What is being asked -> Pictures in the entries below are excluded; copy only the lines from the one containing "Looking to Buy Property In Croatia?" to the one containing "white cozy window", both included.

Task data ->
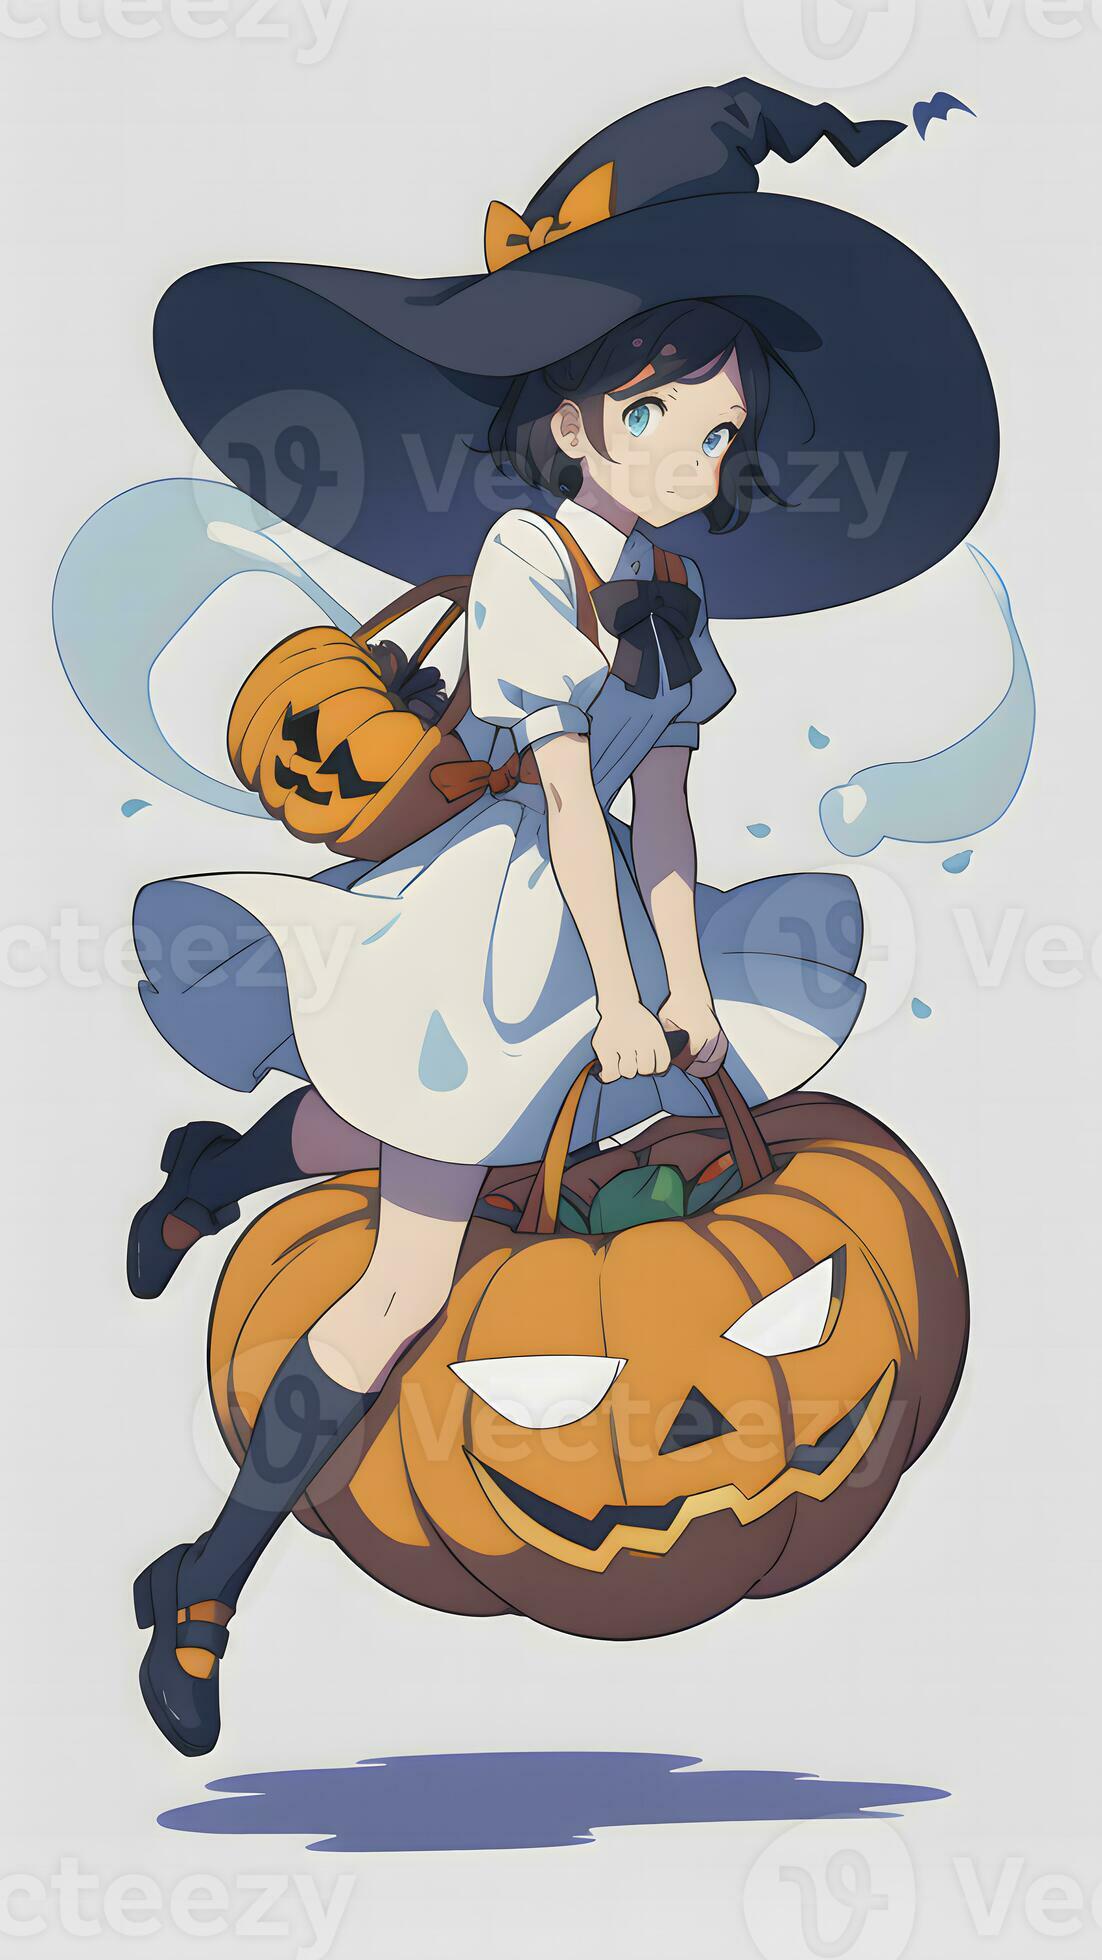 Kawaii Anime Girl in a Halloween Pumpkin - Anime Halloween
--
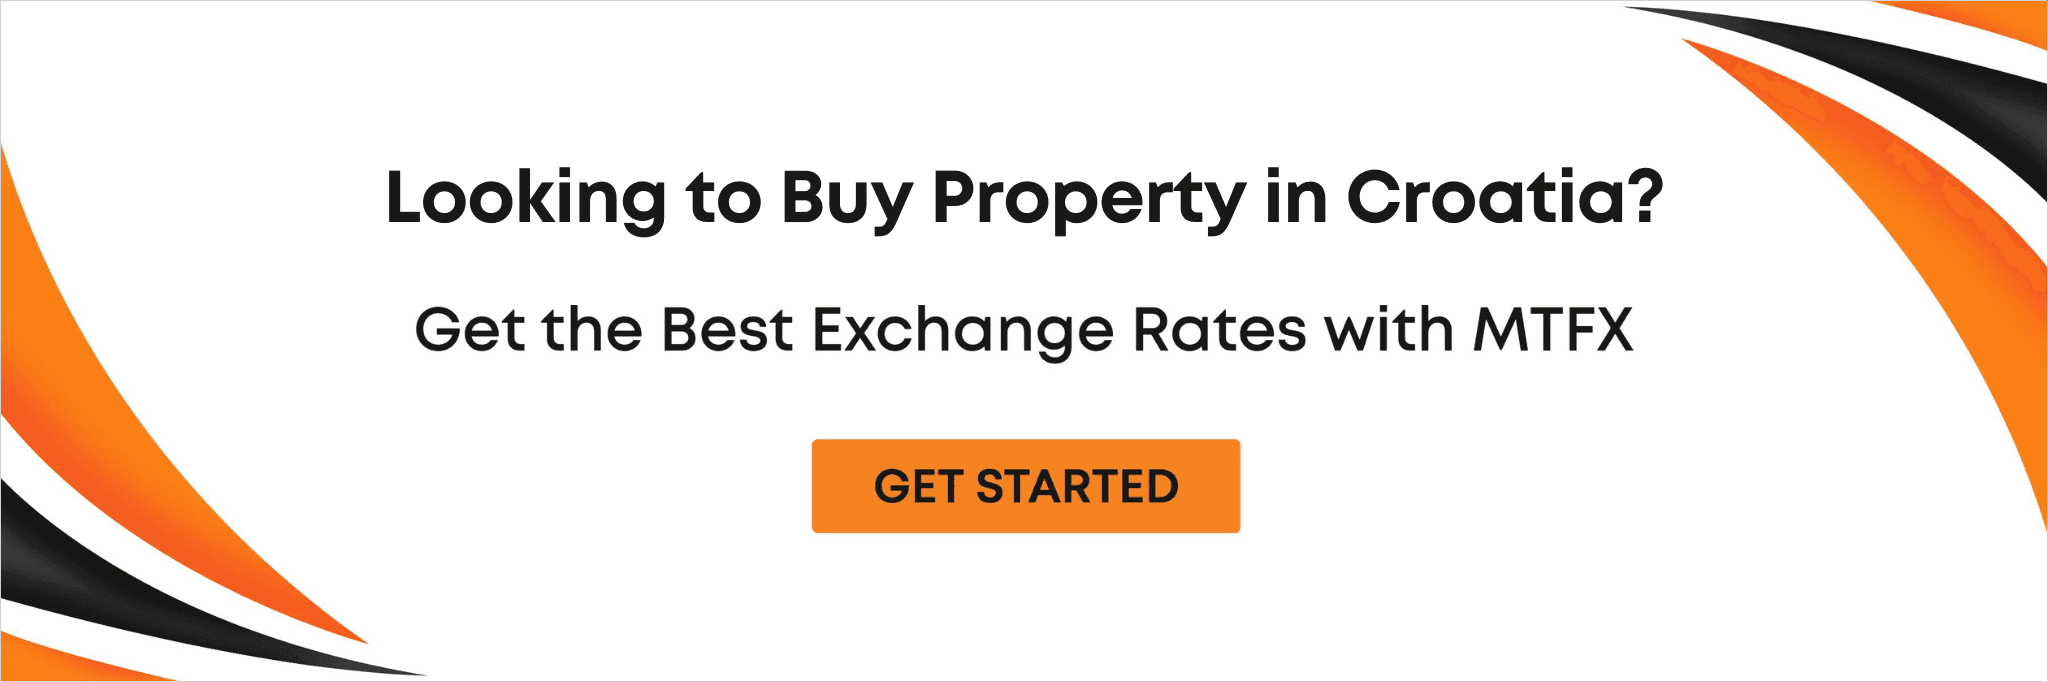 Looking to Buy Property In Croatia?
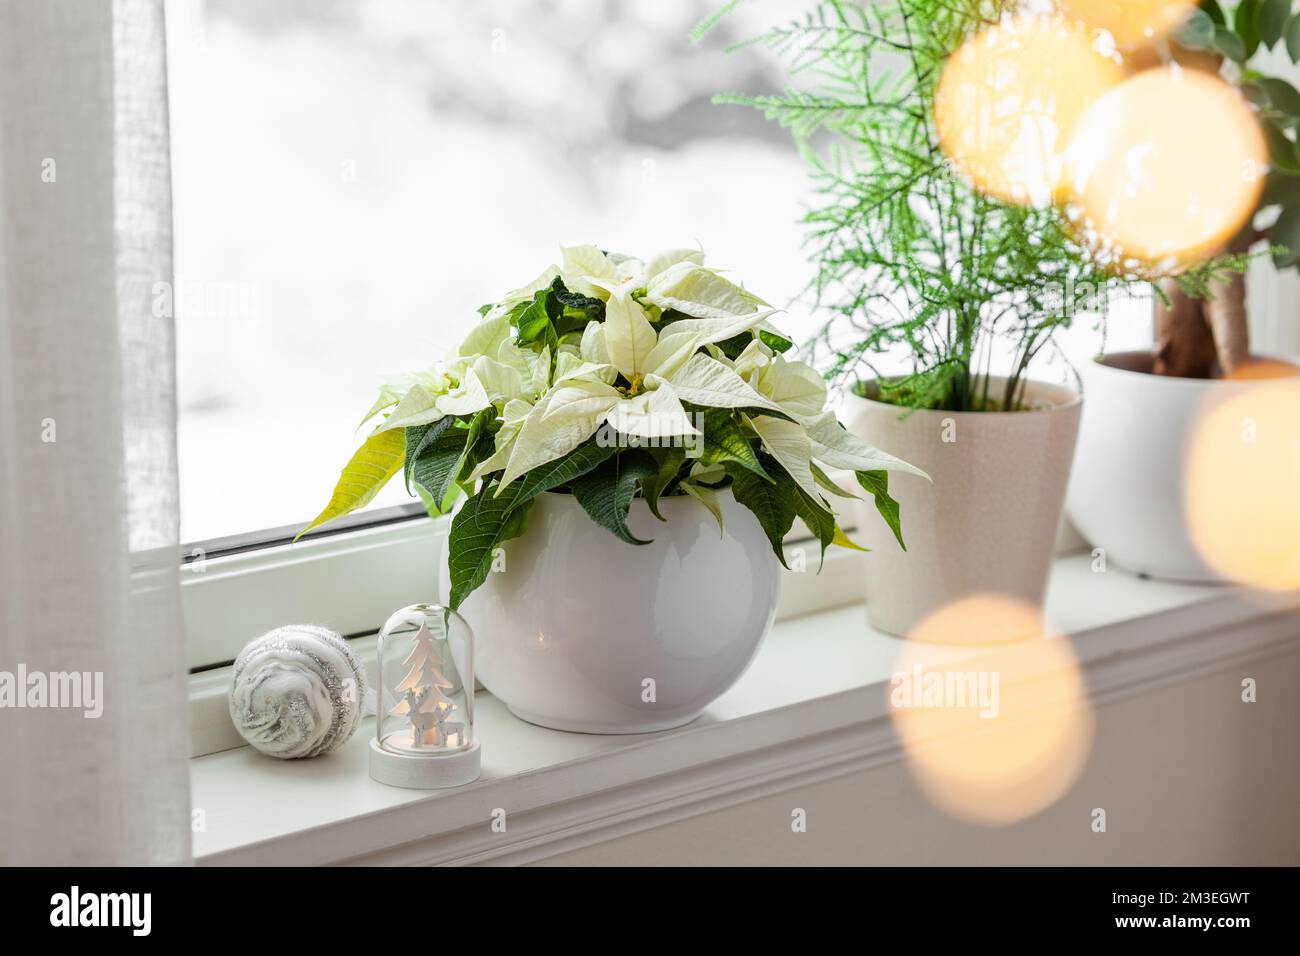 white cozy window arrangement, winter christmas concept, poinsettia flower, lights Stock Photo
--
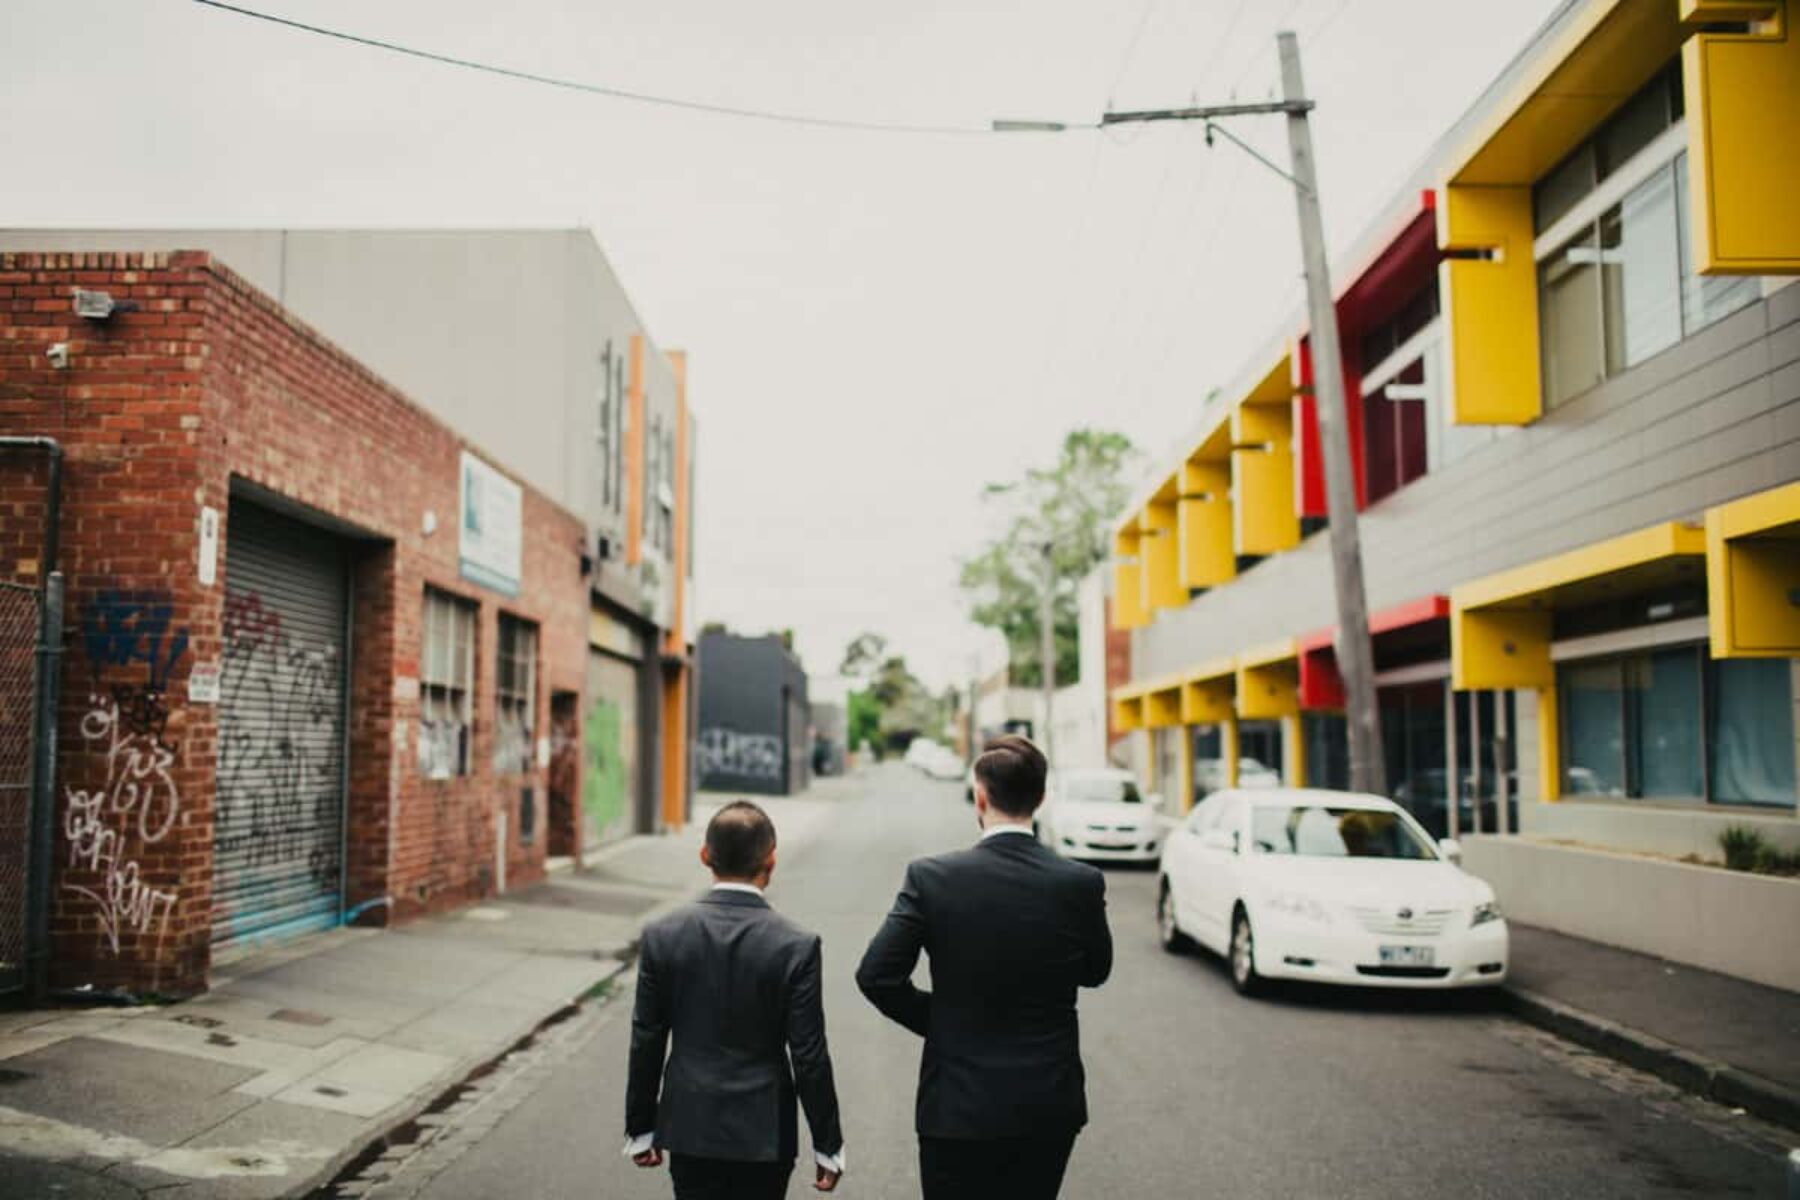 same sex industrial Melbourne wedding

Solution below ->
 Looking to Buy Property In Croatia?
 white cozy window arrangement, winter christmas concept, poinsettia flower, lights Stock Photo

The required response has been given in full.